三井物産、"32人抜き新社長"誕生の理由

資源価格下落で逆風下での船出

4月から新社長に就任する安永氏

三井物産は1月20日、飯島彰己社長(64)が会長に退き、安永竜夫執行役員(54)が新社長に就任する人事を発表した。安永氏は役員序列で32人抜きを果たし、4月1日付けで三井物産トップの座につく。

もっとも、このタイミングでの社長交代に、サプライズはない。三井物産は6年周期で社長交代を行うのを通例としているからだ。2014年6月には、取締役でない執行役員からも社長を選出できるように定款を変更。候補者を若手執行役員にも広げ、社長レースを競わせてきた。

それでも、発表と同時に社内中で「まさか」という声が上がったのは、安永氏があまりに“ノーマーク”だったからだ。

「54歳の若さ」が決め手

飯島社長が「1年前に10人、昨年末に7人まで絞り、9日間の休みで決めた」という中には、事前の下馬評で大本命と言われてきたエネルギー畑出身の加藤広之専務(58)や、化学品畑出身の本坊吉博専務(57)なども、その胸中には残っていたようだ。ただ、最終的に1月15日の大安の日、安永氏へ禅譲の意向を告げた決め手は、「54歳の若さ」だったという。「私も58歳で就任したが、6年経つと、体力気力がかなりキツくなる。6年後の体力気力を、今と同じように維持できる人を選びたい、という視点だった」(飯島社長)。
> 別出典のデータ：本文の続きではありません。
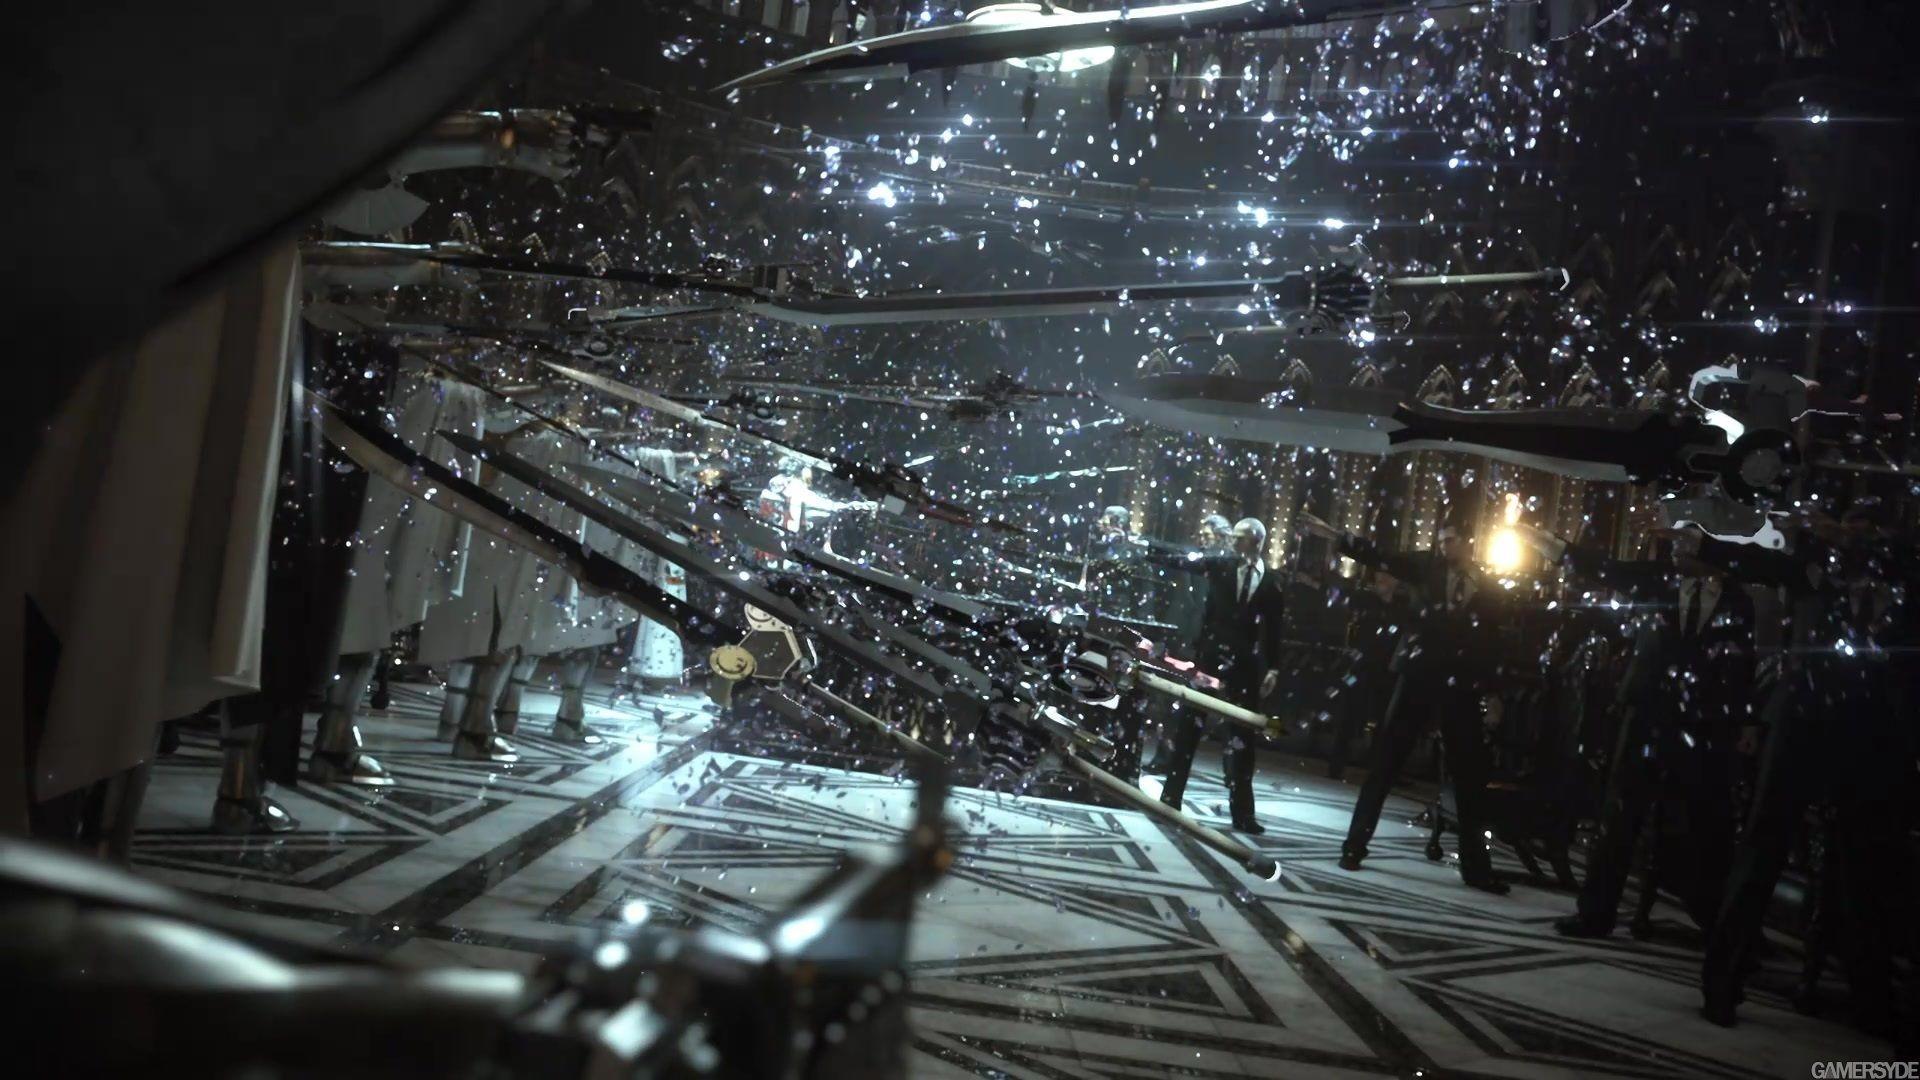 Final Fantasy 15 Noctis Wallpapers For Iphone Sdeerwallpaper

 安永氏は、三井物産では初の世界銀行への出向や経営企画部長など、幅広い業務を経験している。直近では機械・輸送システム本部長として、ブラジルの貨物鉄道・港湾事業への投資決定なども手掛けてきたが、本流はエネルギープラントの輸出だ。ロシアのサハリン2のLNG(液化天然ガス)プロジェクトでは、1990年3月に米国三井物産のヒューストン支店に出向した初期と2003年のFID(最終投資決定)のタイミングという、2度にわたって携わった経験を持つ。